I put it this way: I first wondered how many of the 30 million "newly insured" people the program was supposed to create actually didn't have insurance by choice, that they figured they were young enough or healthy enough that what they saved by not having a premium to pay was worth the risk - that is, they had access to health care, they just didn't have health insurance. But, I said,
[a] more significant question is how many of those 30 million people could get insurance now, for example through high-risk pools, but don't because that would just leave them paying premiums for insurance they couldn't use because the deductibles are so high - that is, leave them with crap and worse off than they were before? And how many of those newly-insured people will wind up in just that situation? How many of that 30 million will be people who, having been forced to buy insurance, find themselves with low-cost, high-deductible policies that still leave them without access to health care because even as they can afford the premiums, they can't afford the deductibles?As it turns out, that sort of thing is already happening.
Other than those people on Medicare or Medicaid, the most common way for people to have health insurance here is still through their employer. In recent years, many employers have gone to cheaper plans, with reduced benefits, higher deductibles, and increased co-payments. The rapidity of the change has been dramatic: In 2008, just 5% of covered workers had a deductible of at least $2,000. Just two years later, in 2010, the figure had doubled to about 10%. Some report deductibles of $4,000 or more.
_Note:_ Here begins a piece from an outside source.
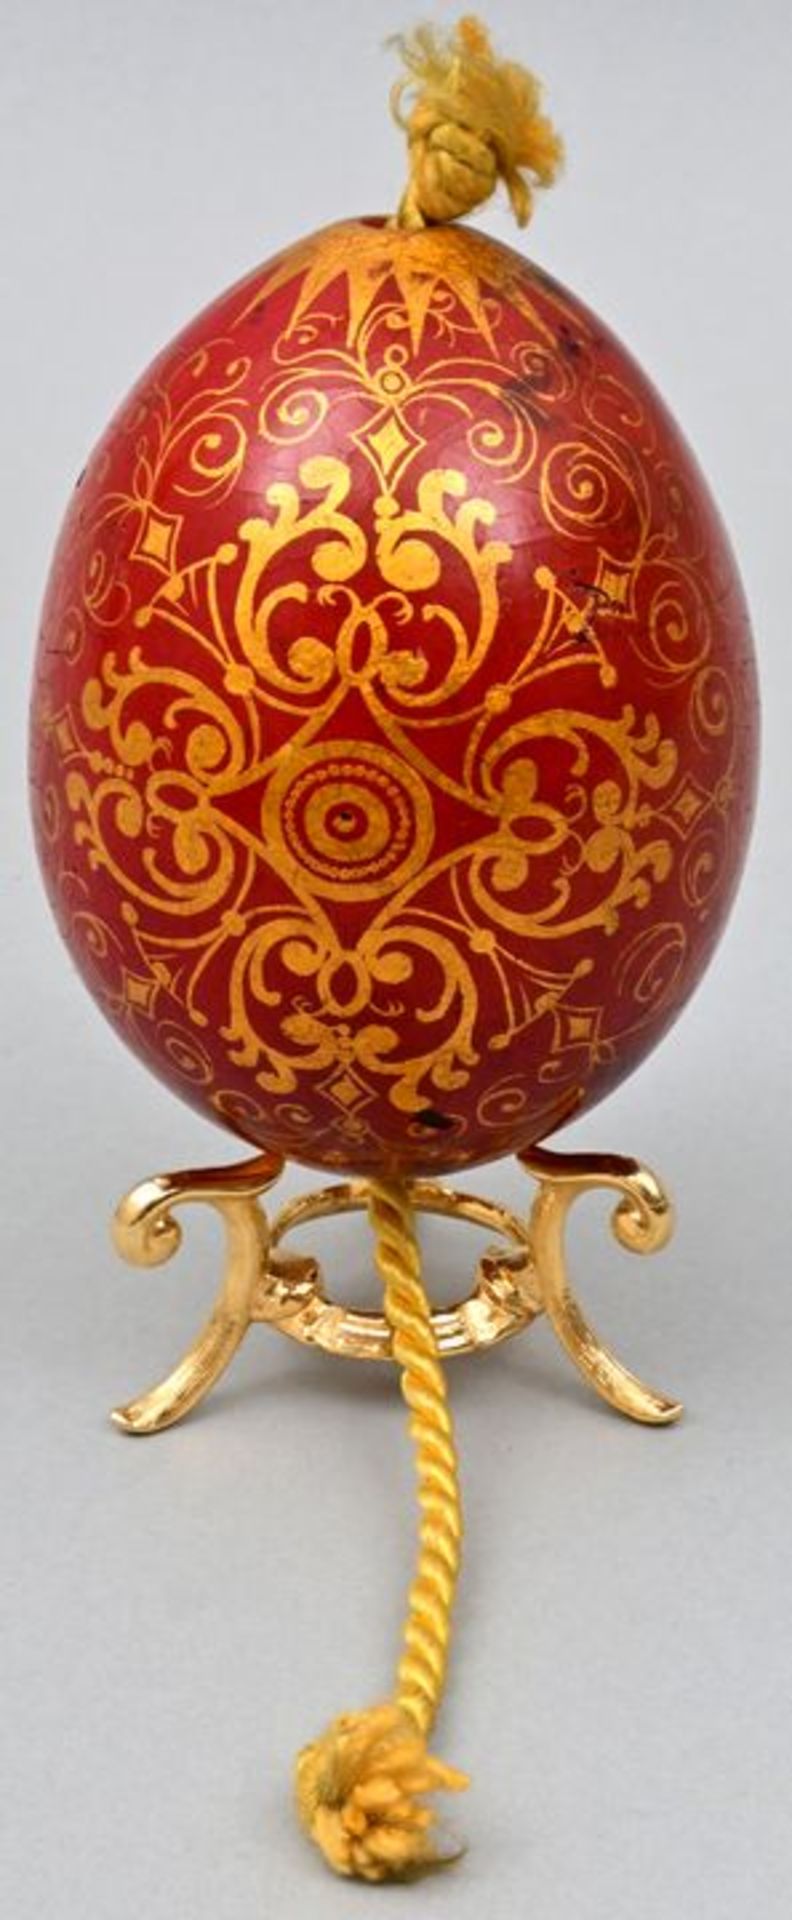 Osterei, Russland / Easter Egg - Image 2 of 3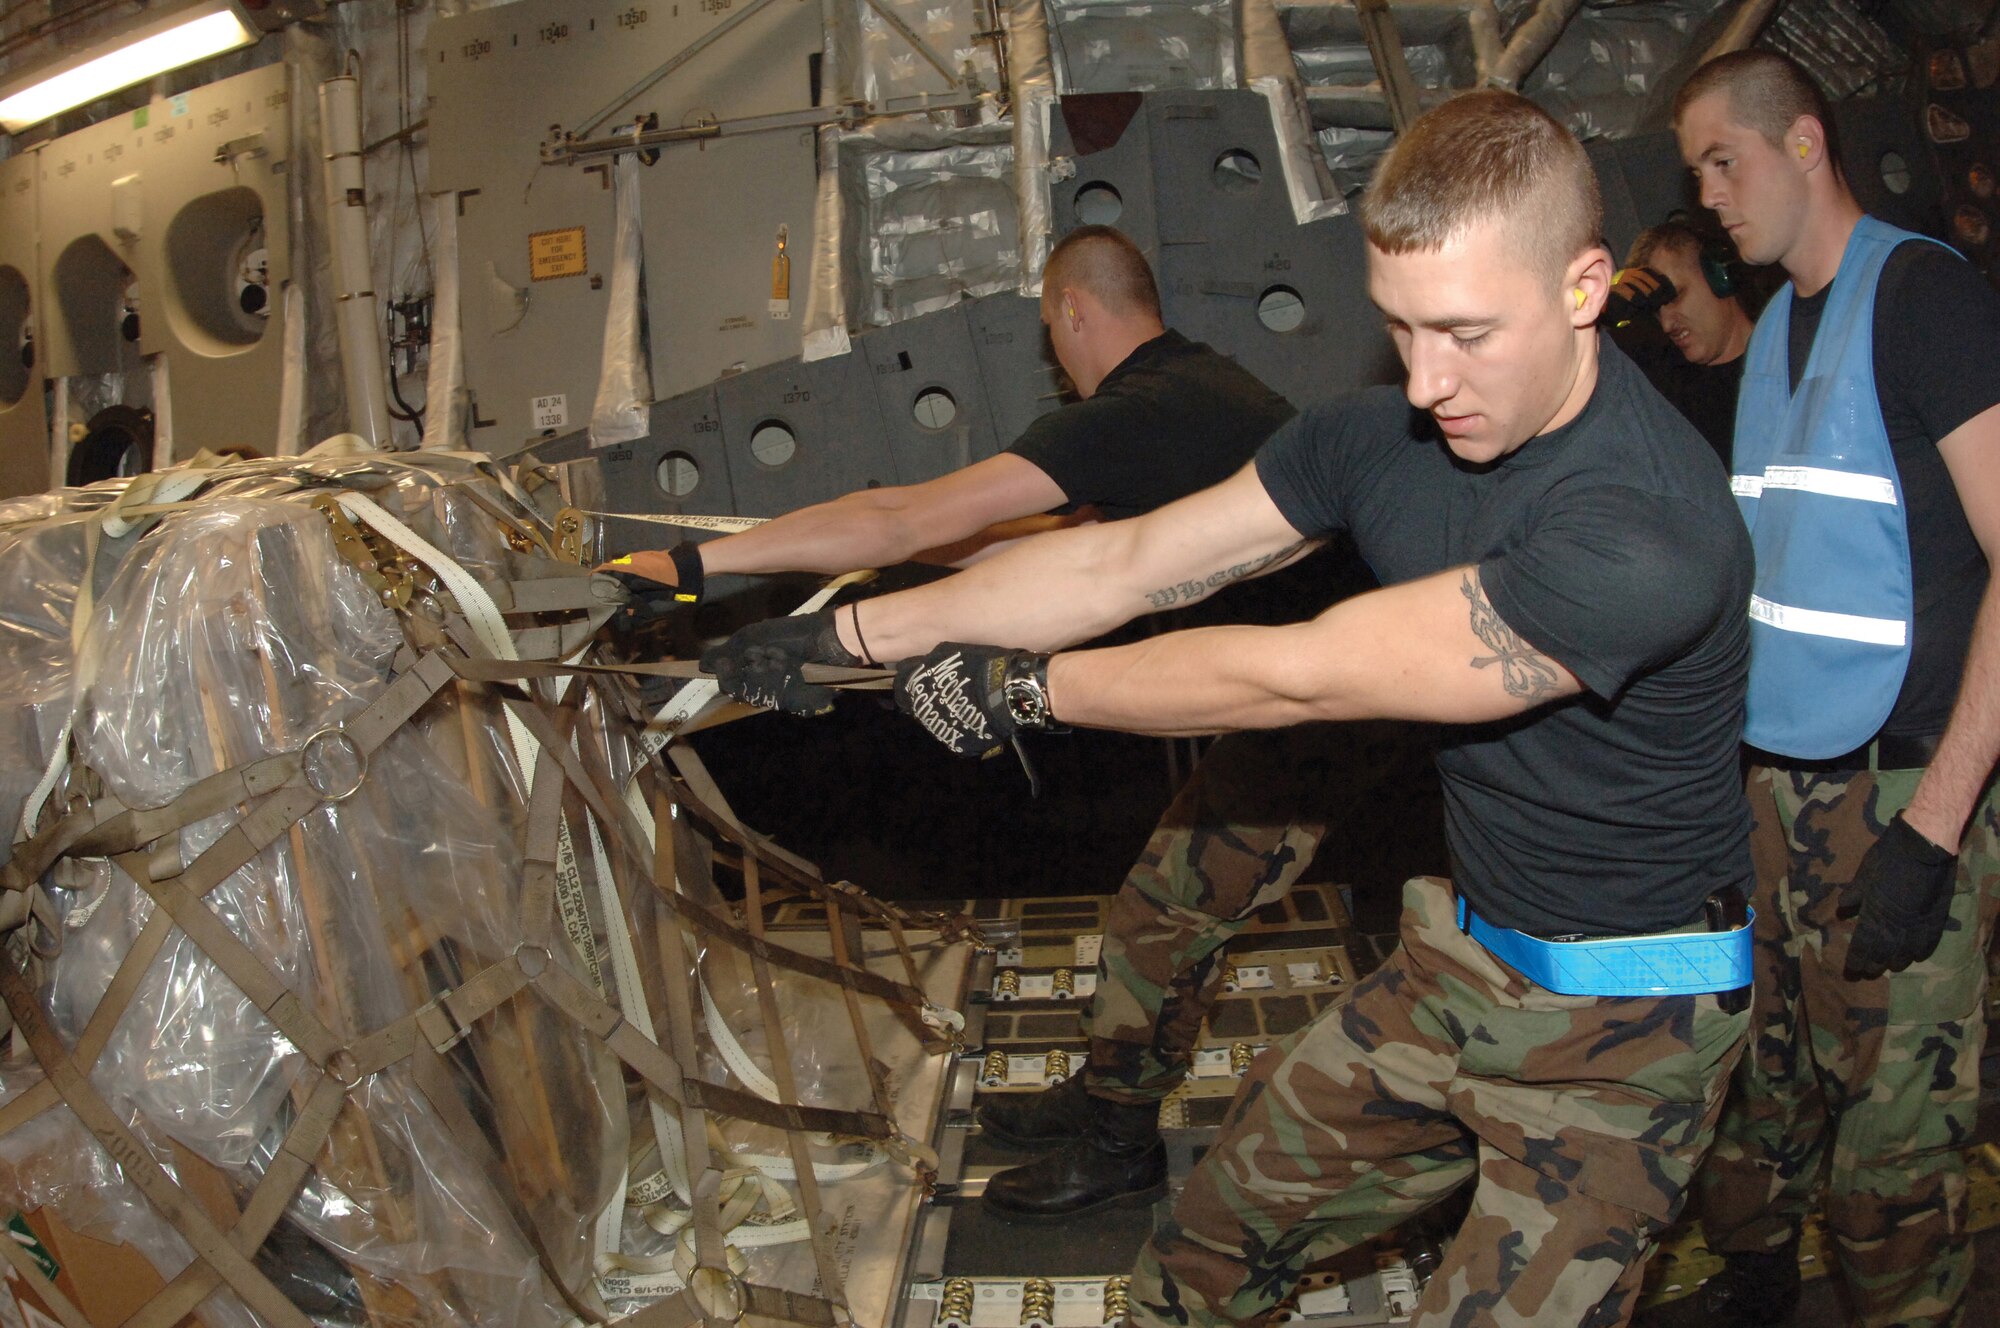 Senior Airman John W. Smith, right, 728th Air Mobility Squadron aerial porter, loads palletes onto a C-17 Globemaster III with the aid of Tech. Sgt. Tom House, 728th AMS aircraft loadmaster. Risk management can range from wearing protective gloves and reflective belts to assessing the risk of moving the exact amount of cargo on any mission. Risk management should be executed during every activity. (U.S. Air Force photo by Master Sgt. Bill Gomez.)

As a result, even people with health insurance are cutting back on medical care. They are putting off visits to the doctor. They are postponing important tests like colonoscopies and mammograms. They are delaying any non-emergency treatment. They are dropping plans for knee or hip replacements.
They are avoiding seeing specialists, sometimes because they can't afford the cost of gas to get there. One man admitted he'd delayed going to the dermatologist despite a family history of skin cancer. People are even avoiding getting routine yearly blood tests because they can't bear the cost and the insurance won't cover it.
The simple fact is, preventable illnesses and death will increase, do increase, when people are discouraged from getting medical and health care. The double whammy people are facing of higher costs and shrinking coverage is doing precisely that: This "cost-sharing," as the corporate apologists like to describe it, will kill people.
This is happening at the same time that the nation’s major private health insurers are seeing a third consecutive year of record profits, profits that are exceeding expected earnings by as much as 30 percent. Their reserve coffers are flush with profits and shareholders have been rewarded with new dividends.
In spite of that, these same companies continue to press for higher premiums, often for double-digit increases. For example, Regence BlueCross BlueShield, Oregon's largest private insurer, has filed for a 22% hike for individual policies.
Why? What's the justification for continued increases in a time of record profits and lower utilization? Well, they whine, they need protection against any future increase in demand.
That is, they need protection - but the people who need and by right deserve access to health care do not. That is the corporate way, that is what we are expected to accept, that is what Robert Laszewski, a former health insurance executive and now a consultant, says may be "the new normal.”
They need protection but we don't; they deserve to be protected but we don't. Sorry, Mr. Laszewski: It may be the norm, but it ain't new.